Registration information

We will shortly be opening up for registration for conference attendance. Registration information will be posted here.  



Wednesday September 1st, 0910-0940


Thursday September 2nd, 0910-0940

Thor Erik Musæus, Geothermal Energy Nordic AS

The potential for geothermal exploitation in Norway is huge and under-communicated. Heating and hot water represents an important part of Norway's total energy consumption. Energy from the crust of the earth will play a key role in reducing our climate footprint.

Din tittel


Wednesday September 1. 0940 - 1110

Session 1 will focus on geothermal electricity production, covering both process and technology for high temperature geothermal wells. The session contents reflect strong collaboration between Norway and Iceland in this area. Building on technology and knowhow from oil and gas operations is an important key to such collaboration, with further potential application in hotspots across Europe and beyond.

Session chairs: Sæunn Halldorsdottir, UiB 

Geothermal power production on Iceland - state of the art and remaining challenges

Árni Magnússon, ISOR

Technology development for sustainable exploitation of geothermal energy from high temperature wells

Sturla Sæther, Equinor, Hieu-Nguyen Hoang, SINTEF

For sustainable exploitation of geothermal energy, robust and cost-efficient casing systems are an absolute requirement. However, the harsh operation conditions encountered in the high-temperature (HT) geothermal reservoirs are very challenging and are detrimental for the well integrity. Improper materials selection and design principles may lead to serious failure events, and loss of the production well, as reported in many HT geothermal well projects. In order to solve the current challenges, a novel design tool, Casinteg, was developed in the HotCaSe project for efficient global well analyses. The developed tool aims to provide a better understanding of the influence of the high temperature operation conditions on the well integrity and to bridge the knowledge gap in the current design standard codes. The tool is currently used to evaluate robust well design solutions for the planned IDDP3 well where the operation condition up to 450⁰C can be expected.

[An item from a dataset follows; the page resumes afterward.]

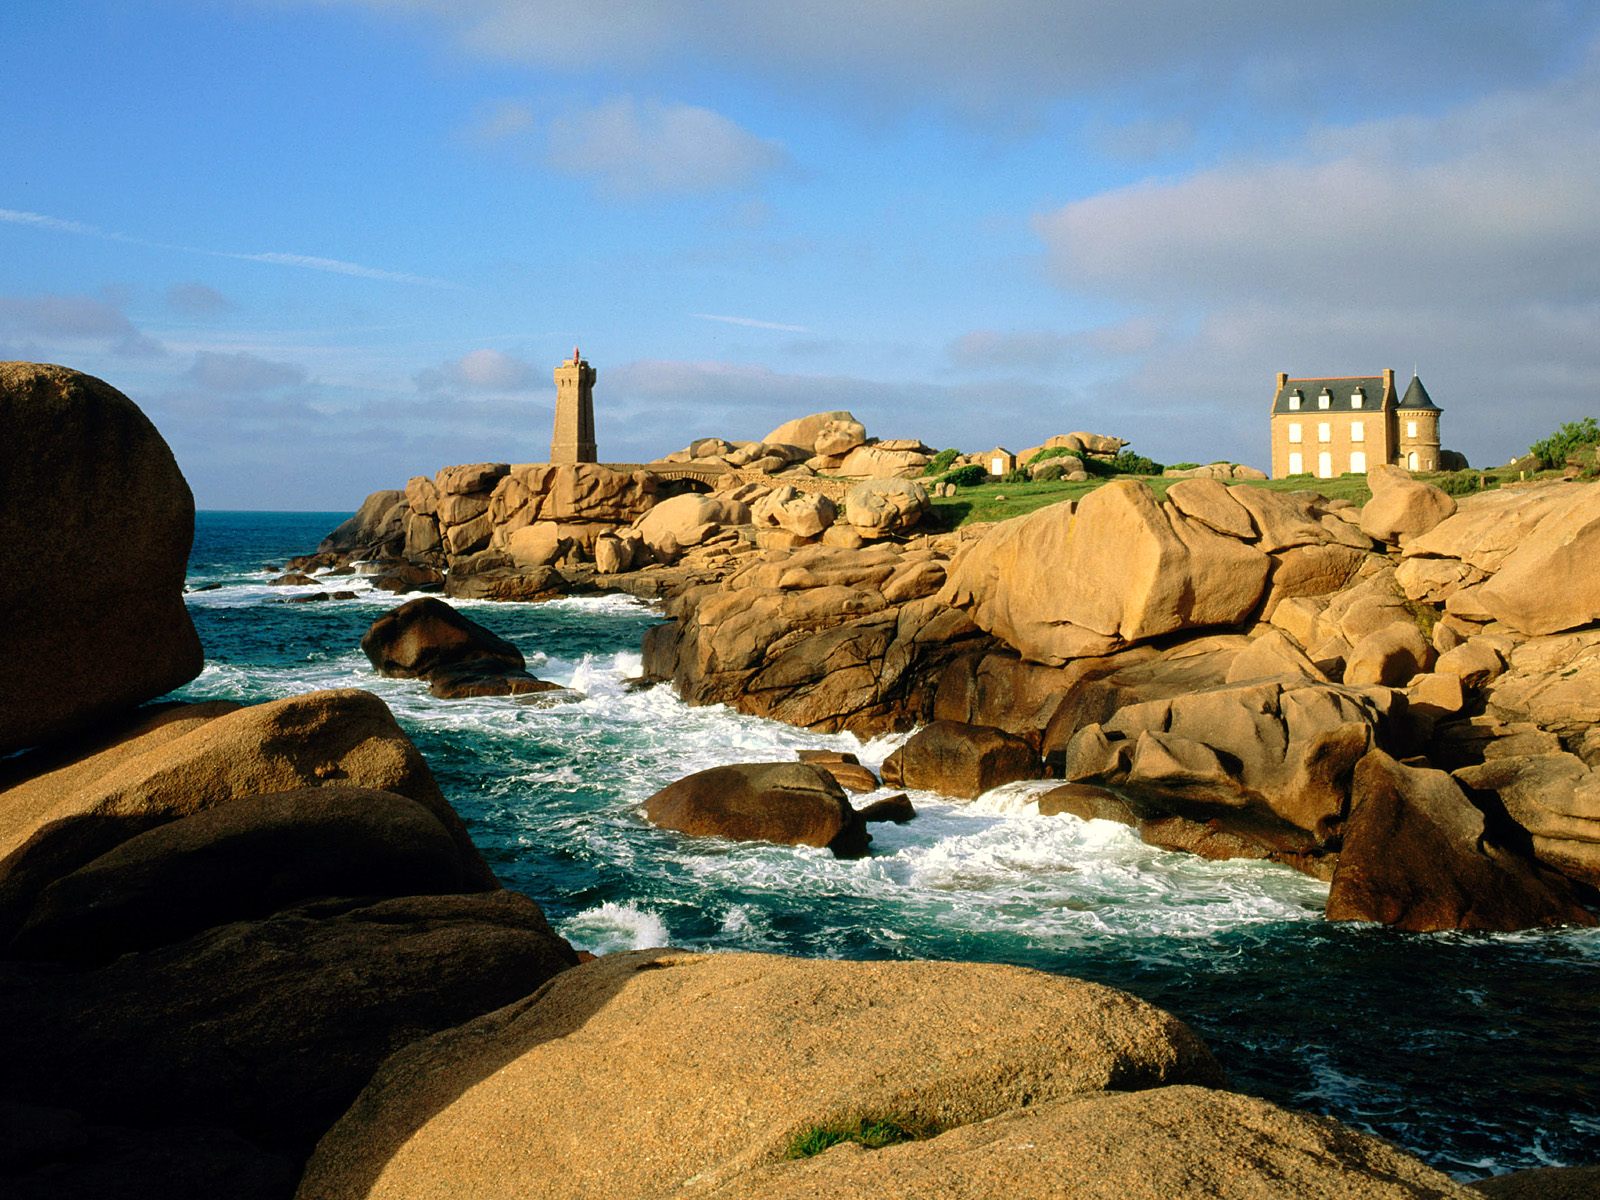 Francja - Ploumanach Rocks and Lighthouse, Bretagne, France.jpg
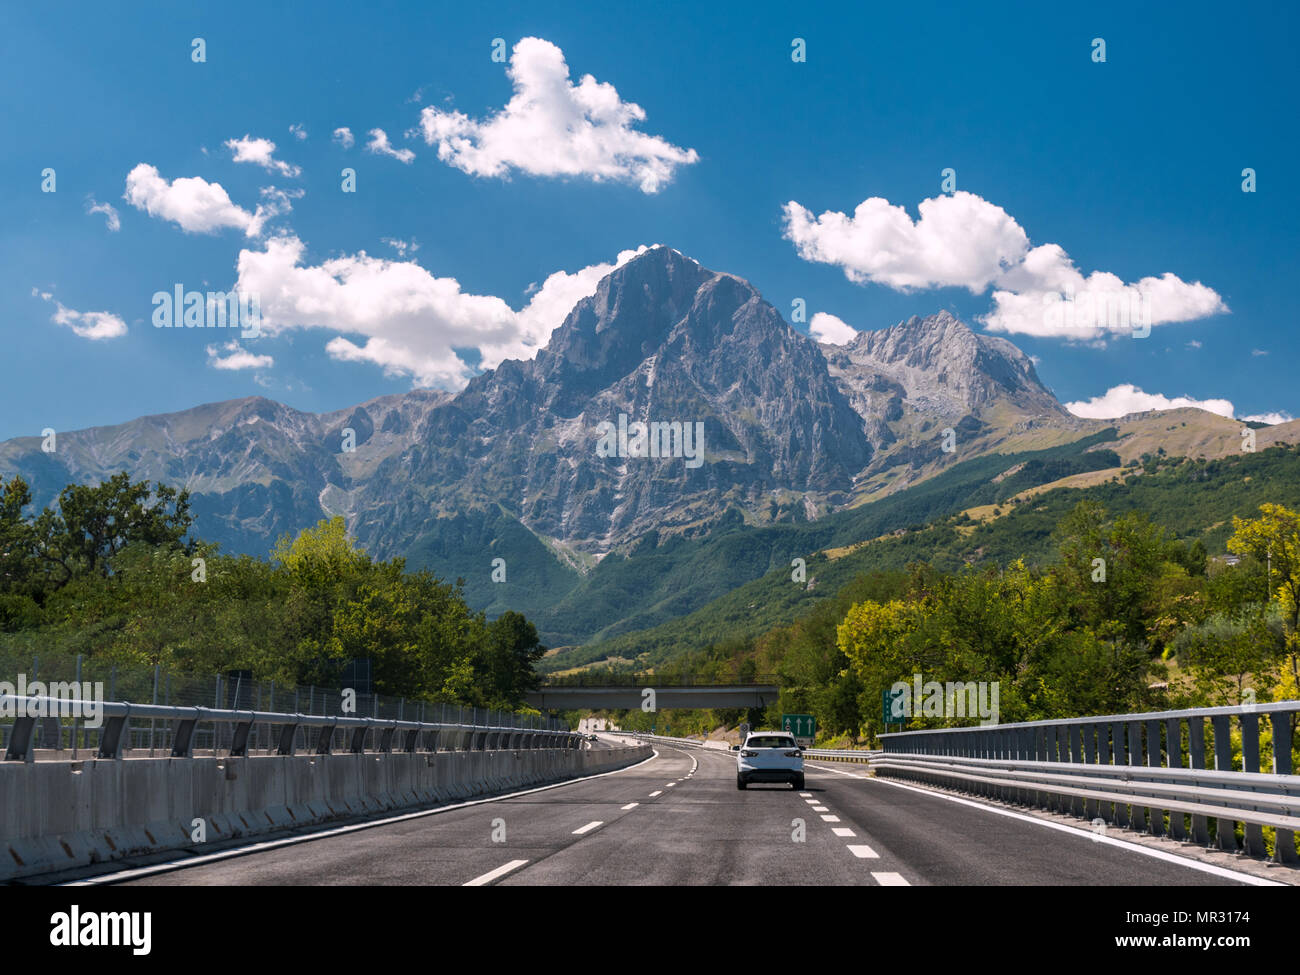 Eine Autobahn In Italien Die Berge Gran Sasso Im Hintergrund Stockfotografie Alamy

Silica solubility in deep geothermal wells

Morten Tjelta, IFE

Silica scaling is an important issue in deep geothermal energy wells and knowledge about solubility is important for scaling prediction and mitigation strategies. However, there is limited data available at high temperatures in the presence of salt. This work describes an experimental setup developed to study solubility at high pressures and temperatures (up to 500 °C and 350 bar). Benchmark experiments show quartz solubility values in agreement with literature data.

Simulations and analysis of induced seismicity for a hydraulic stimulation test at the Reykjanes geothermal field, Iceland

Eirik Keilegavlen, UiB

The ERiS project was a joint project of the University of Bergen and NORSAR with collaboration with Equinor and international partners, with central partners in Iceland. The project aimed at improved understanding of low-pressure stimulation of enhanced geothermal systems. To that end the project undertook an interdisciplinary study of a stimulation experiment in the Reykjanes geothermal field in Iceland. The aim of the study was to construct a numerical simulation model based on state-of-the-art numerical tools and compare simulation results with seismic observations of induced events.

We present the workflow used to combine local and regional geological data, seismic observations and information gained from the construction and initial operation of the injection well. The resulting simulation model incorporates fluid flow, deformation of the host rock and sliding of the main faults in the reservoir. The availability of such a simulation model allowed for experimentation with scenarios for fluid flow parameters. The presentation will emphasize the critical role of integrating data from different sources, as well as challenges and opportunities relating to interdisciplinary work.


Wednesday September 1. 1200-1330

Session 2 will focus on international collaboration within geothermal, providing an overview of possibilities for both industry and research collaboration with Europe and beyond, also covering development cases. Such collaboration and the related competency building are important for strengthening efforts in Norway. The session will also focus on how the benefits of geothermal development can be strengthened through combination with other green technology development, such as carbon capture and storage.   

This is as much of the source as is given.